**DESCRIPTION OF THE TASK**
Write out each line below exactly as it appears.

**DATA SHOWN**
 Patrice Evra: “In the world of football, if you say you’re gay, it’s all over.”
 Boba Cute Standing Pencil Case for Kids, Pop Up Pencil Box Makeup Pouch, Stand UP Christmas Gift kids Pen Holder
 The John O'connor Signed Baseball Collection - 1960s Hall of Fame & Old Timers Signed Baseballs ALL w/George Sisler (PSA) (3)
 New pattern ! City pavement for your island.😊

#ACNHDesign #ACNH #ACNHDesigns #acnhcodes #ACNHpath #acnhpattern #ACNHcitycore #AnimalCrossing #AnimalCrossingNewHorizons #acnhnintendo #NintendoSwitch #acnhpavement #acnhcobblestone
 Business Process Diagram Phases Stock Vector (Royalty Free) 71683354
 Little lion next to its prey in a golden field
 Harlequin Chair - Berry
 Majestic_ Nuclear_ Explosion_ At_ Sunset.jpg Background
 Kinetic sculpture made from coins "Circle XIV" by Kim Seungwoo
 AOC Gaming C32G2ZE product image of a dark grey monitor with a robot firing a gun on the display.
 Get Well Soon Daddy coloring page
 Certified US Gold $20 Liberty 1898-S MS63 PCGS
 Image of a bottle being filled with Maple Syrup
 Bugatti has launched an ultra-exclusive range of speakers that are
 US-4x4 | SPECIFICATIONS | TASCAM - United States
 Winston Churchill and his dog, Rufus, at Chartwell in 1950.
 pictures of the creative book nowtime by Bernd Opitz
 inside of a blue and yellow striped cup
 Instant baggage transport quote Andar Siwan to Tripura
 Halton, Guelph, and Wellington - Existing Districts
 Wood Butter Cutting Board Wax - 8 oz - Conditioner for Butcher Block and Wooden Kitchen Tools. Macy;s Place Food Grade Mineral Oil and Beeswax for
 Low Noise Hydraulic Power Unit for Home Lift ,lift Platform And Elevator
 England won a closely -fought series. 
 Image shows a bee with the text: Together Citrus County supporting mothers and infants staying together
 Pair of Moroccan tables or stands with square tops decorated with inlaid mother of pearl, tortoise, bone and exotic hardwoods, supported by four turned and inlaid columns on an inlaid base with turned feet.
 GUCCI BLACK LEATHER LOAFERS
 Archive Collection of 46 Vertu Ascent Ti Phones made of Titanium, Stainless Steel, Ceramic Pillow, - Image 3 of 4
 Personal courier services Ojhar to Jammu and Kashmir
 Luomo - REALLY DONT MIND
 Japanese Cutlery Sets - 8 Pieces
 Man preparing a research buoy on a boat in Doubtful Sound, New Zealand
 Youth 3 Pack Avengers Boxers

**ANSWER TO THIS TASK**
 Patrice Evra: “In the world of football, if you say you’re gay, it’s all over.”
 Boba Cute Standing Pencil Case for Kids, Pop Up Pencil Box Makeup Pouch, Stand UP Christmas Gift kids Pen Holder
 The John O'connor Signed Baseball Collection - 1960s Hall of Fame & Old Timers Signed Baseballs ALL w/George Sisler (PSA) (3)
 New pattern ! City pavement for your island.😊

#ACNHDesign #ACNH #ACNHDesigns #acnhcodes #ACNHpath #acnhpattern #ACNHcitycore #AnimalCrossing #AnimalCrossingNewHorizons #acnhnintendo #NintendoSwitch #acnhpavement #acnhcobblestone
 Business Process Diagram Phases Stock Vector (Royalty Free) 71683354
 Little lion next to its prey in a golden field
 Harlequin Chair - Berry
 Majestic_ Nuclear_ Explosion_ At_ Sunset.jpg Background
 Kinetic sculpture made from coins "Circle XIV" by Kim Seungwoo
 AOC Gaming C32G2ZE product image of a dark grey monitor with a robot firing a gun on the display.
 Get Well Soon Daddy coloring page
 Certified US Gold $20 Liberty 1898-S MS63 PCGS
 Image of a bottle being filled with Maple Syrup
 Bugatti has launched an ultra-exclusive range of speakers that are
 US-4x4 | SPECIFICATIONS | TASCAM - United States
 Winston Churchill and his dog, Rufus, at Chartwell in 1950.
 pictures of the creative book nowtime by Bernd Opitz
 inside of a blue and yellow striped cup
 Instant baggage transport quote Andar Siwan to Tripura
 Halton, Guelph, and Wellington - Existing Districts
 Wood Butter Cutting Board Wax - 8 oz - Conditioner for Butcher Block and Wooden Kitchen Tools. Macy;s Place Food Grade Mineral Oil and Beeswax for
 Low Noise Hydraulic Power Unit for Home Lift ,lift Platform And Elevator
 England won a closely -fought series. 
 Image shows a bee with the text: Together Citrus County supporting mothers and infants staying together
 Pair of Moroccan tables or stands with square tops decorated with inlaid mother of pearl, tortoise, bone and exotic hardwoods, supported by four turned and inlaid columns on an inlaid base with turned feet.
 GUCCI BLACK LEATHER LOAFERS
 Archive Collection of 46 Vertu Ascent Ti Phones made of Titanium, Stainless Steel, Ceramic Pillow, - Image 3 of 4
 Personal courier services Ojhar to Jammu and Kashmir
 Luomo - REALLY DONT MIND
 Japanese Cutlery Sets - 8 Pieces
 Man preparing a research buoy on a boat in Doubtful Sound, New Zealand
 Youth 3 Pack Avengers Boxers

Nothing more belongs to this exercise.